Nothing but the pictures is dropped; write out all the remaining data below exactly.

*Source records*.
####################

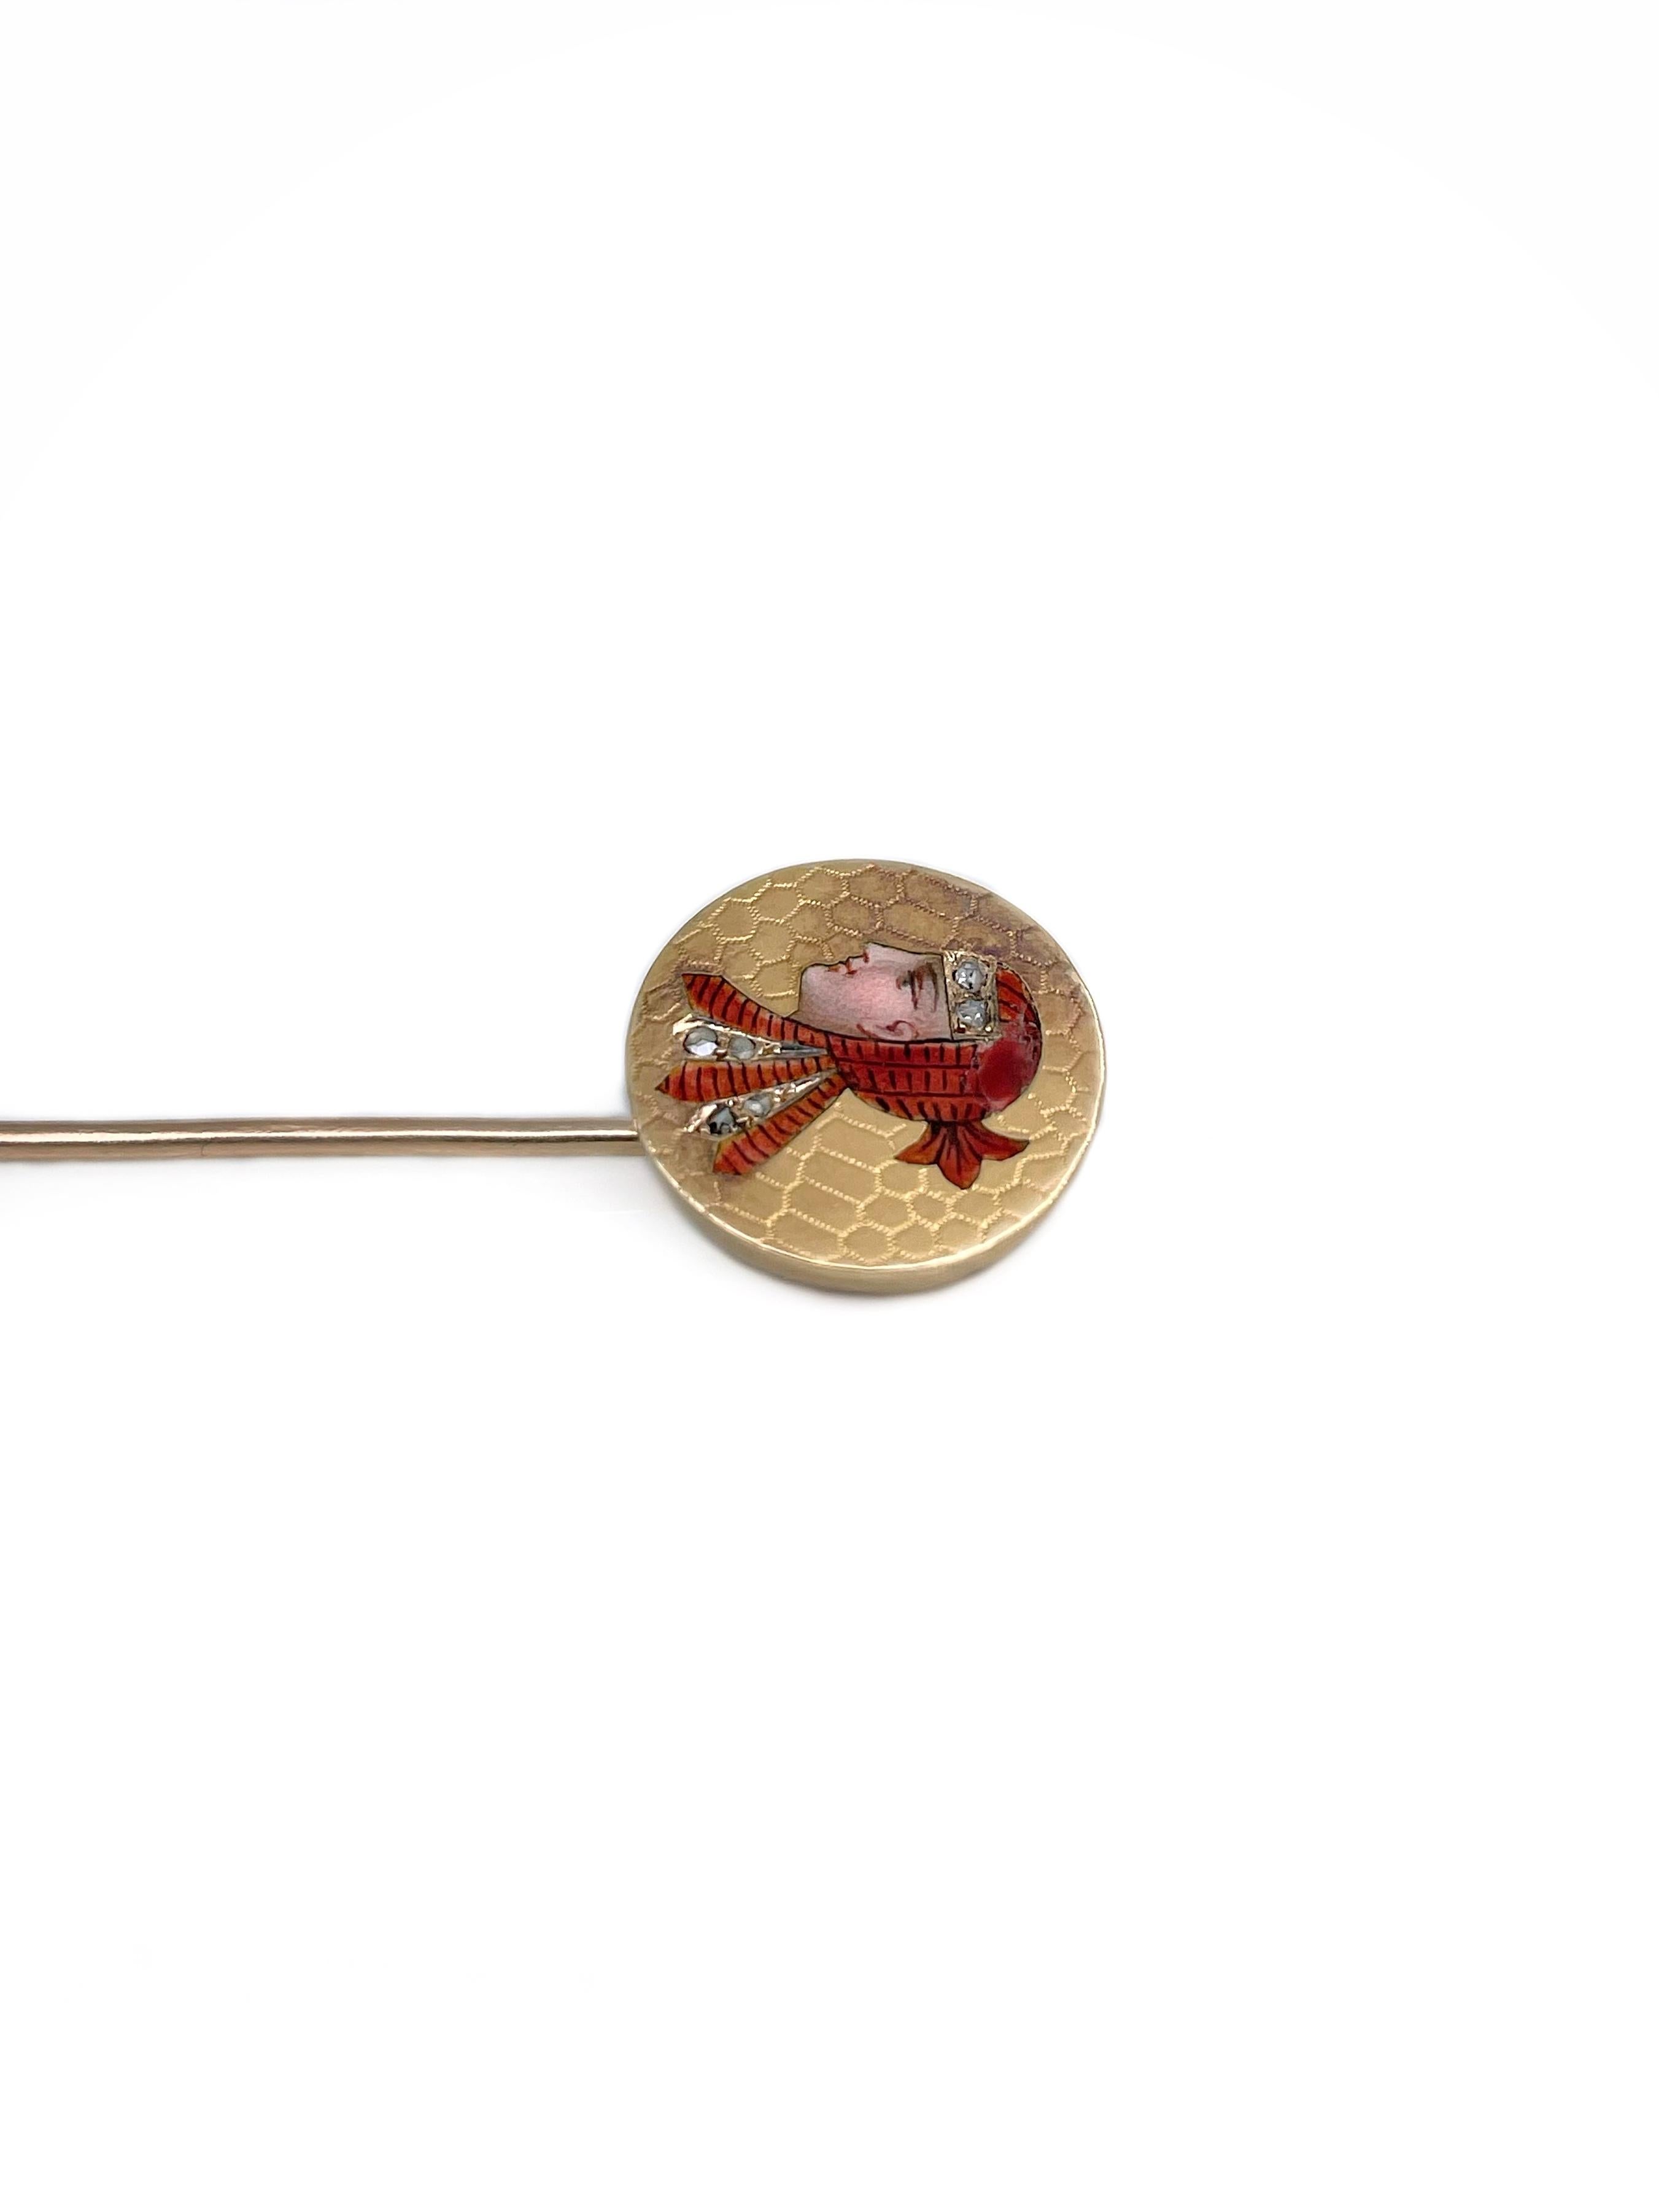 This is a Victorian Egyptian Revival stick pin brooch crafted in 18K gold. Circa 1890. 

The piece depicts a portrait made in red enamel and rose cut diamonds. 

Weight: 3.32g
Length: 7.2m
Diameter: 1.4cm

———

If you have any questions, please feel

####################

*Answer box*.
 This is a Victorian Egyptian Revival stick pin brooch crafted in 18K gold. Circa 1890. 

The piece depicts a portrait made in red enamel and rose cut diamonds. 

Weight: 3.32g
Length: 7.2m
Diameter: 1.4cm

———

If you have any questions, please feel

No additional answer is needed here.